Но шло это у него не от гордыни: сам безупречно честный и преданный, он того же со всей строгостью требовал и от всей своей братии, а коли тебе не нравится, прошу покорно, господин хороший, — на свете есть тысячи других занятий и дел. Но куда там! Они так и липли к его стопам. А он разозлится или что, и только бросит на них равнодушный взгляд через плечо; его даже и то не бесило, что эти околостопные прилипалы нацепили ему ярлык «прозаический». Бывало, они, в сторонних глазах, всползали ему аж до самых колен, ну да если б даже и так, в том тоже не было ничего страшного — что там какой-то один-единственный репеёк на неоглядных просторах его исполинского тела! Но если вы отдавались ему всем своим существом, если, приняв постриг, рабски служили своему кумиру и повелителю, служили по все дни и по все часы, будь то во время самоотреченного труда или на досуге, в трезвости или во хмелю, пусть даже пьяно-распьяно служили во сне и наяву и, покоренные им, — пропащие и недотепы, — отдавали ему себя со всеми потрохами, включая сердце, мозг, глаза, и были у вас к тому же долготерпение бумаги и стойкость дерева, он милостивец, умел вас так одарить, что и в сказке подобного не встретишь, хотя и сказка-то ведь тоже была его. Но о милостях — несколько позже, а так он, прежде всего, погружал тебя — в целях возвышения — в свои самые сокровенные недра и взращивал над твоей одурманенной головой огромное дерево, да такое невиданное, такое причудливое... и на колючих ветвях того сказочного древа росли всякие самые разнообразные плоды. Но о плодах тоже попозже, а пока... Попав в эту путаную-перепутаную очередь, Вано чувствовал, что даже это никчемное стояние тоже непременно даст что-то, что когда-то, где-то ему пригодится. Только он коснулся в мыслях своего дела, как у него до такой степени нестерпимо зазудели руки-мозг, что он и не вспомнил больше о том, как ловко они с Майей сообразили получше использовать ворованные минуты и шмыгнули при свете бела дня в тесный лифт какого-то высотного здания, где можно было без опасения наткнуться в подъезде на знакомых, с колотящимся сердцем вовсю целоваться, гоняя бесперечь лифт вверх-вниз.

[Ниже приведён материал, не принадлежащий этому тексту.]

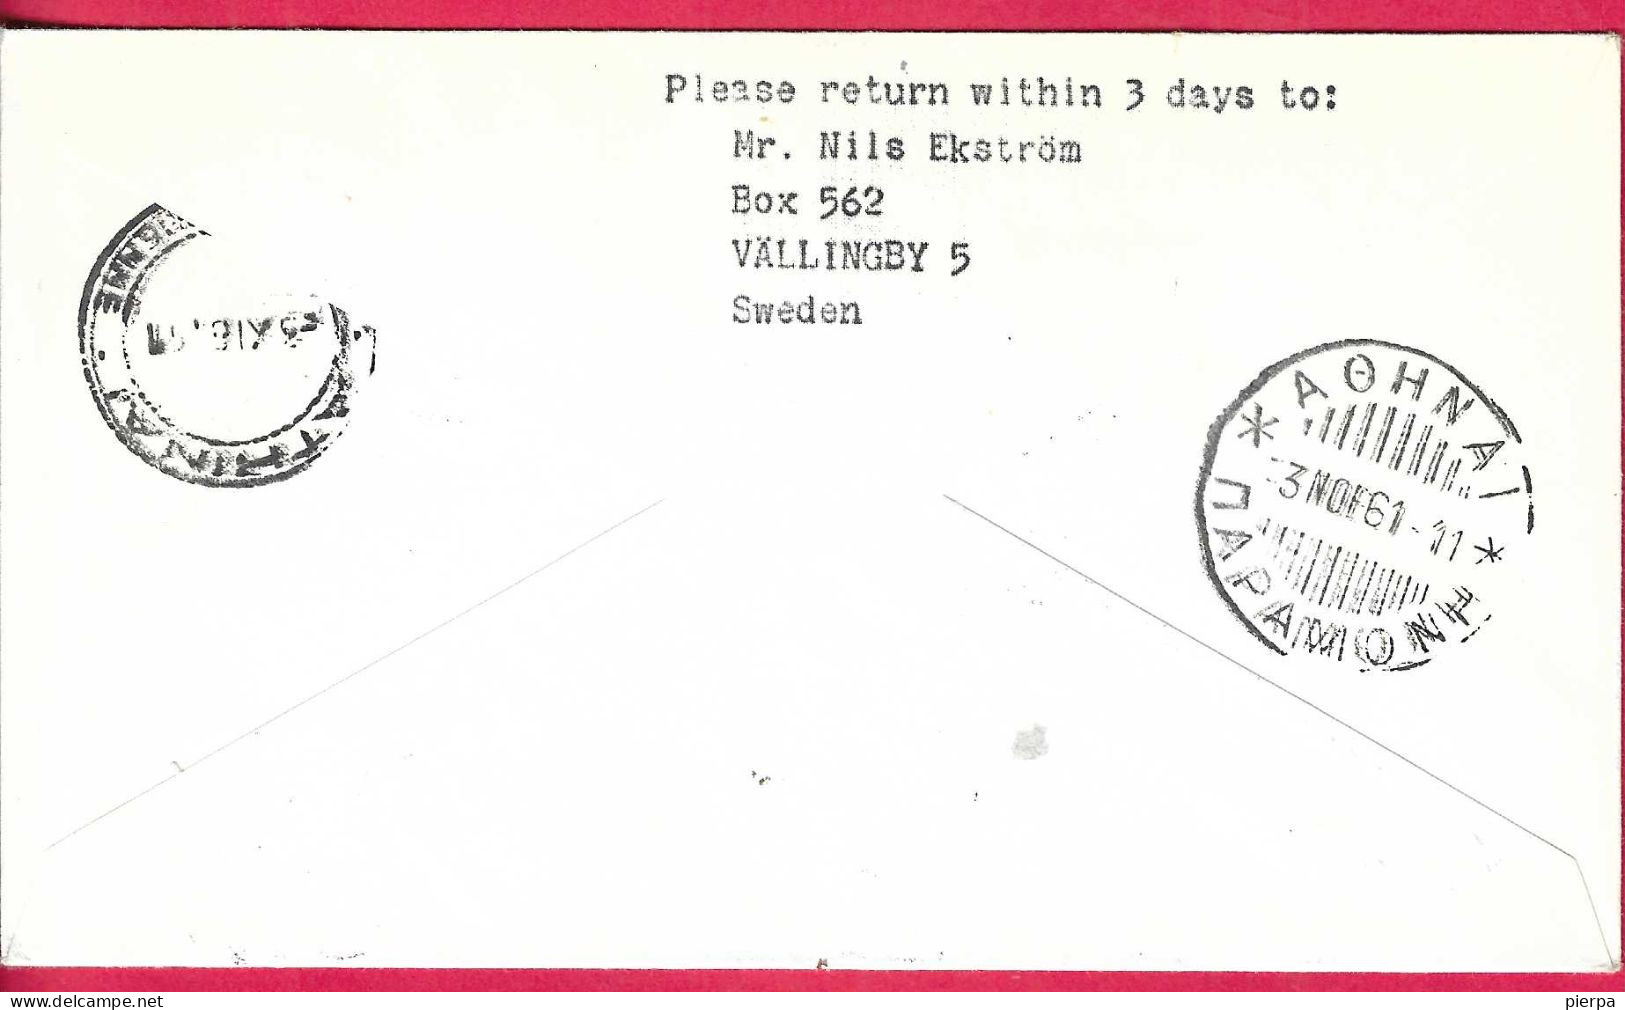 DANMARK - FIRST SAS FLIGHT DC 8 FROM KOPENHAGEN TO ATHEN* 2.11.1961* ON OFFICIAL COVER - Airmail

Как-то однажды Вано с превеликим вниманием перечитал образцы древнеегипетской прозы в книге под названием «Повесть Петеисе Ш.» Истории, записанные в очень давние, по человеческим меркам, временам (что-то в XXII—VI веках до нашей эры) на камне, папирусе и деревянных табличках, очень его заинтересовали; единственное, что пришлось ему никак не по душе, это явно подхалимский тон авторов по отношению к фараону (при каждом упоминании его безмерно превозносили). Вано, разумеется, знал, что в средние века, да и много раньше, скажем, в Карфагене, эта слабость была сильно распространена среди людей, и тем не менее он огорчился: «Тьфу ты пропасть, неужто уже и тогда?» В книге оказалось несколько действительно важных текстов, но одну приведенную в ней историю, упоминавшуюся, кстати, в предисловии (которое он всегда читал последним), Вано что-то недопонял. Речь в ней шла о том, будто бы один из фараонов пятой династии — да продлятся его дни, и да пребудет он здрав и невредим — соизволили как-то посетить с семьей и со свитой одного из своих визирей и вместе с тем главного исполнителя строительных работ Уашпта и, лично осмотрев строительство, соблаговолил, оказывается, выразить Уашпта свое высочайшее одобрение, но, как ни странно, слов благодарности не последовало; тогда он удивленно оглянулся, и что же видит: он видит, что Уашпта пребывает в каком-то страннолежачем положении. По велению фараона — да продлятся его дни, и да пребудет он здрав и невредим! —потерявшего сознание Уашпта поспешно доставили во дворец фараона, — да продлятся его дни, и да пребудет он здрав и невредим, — однако, несмотря на все усилия придворных врачевателей, тот, так и не приходя в себя, испустил дух.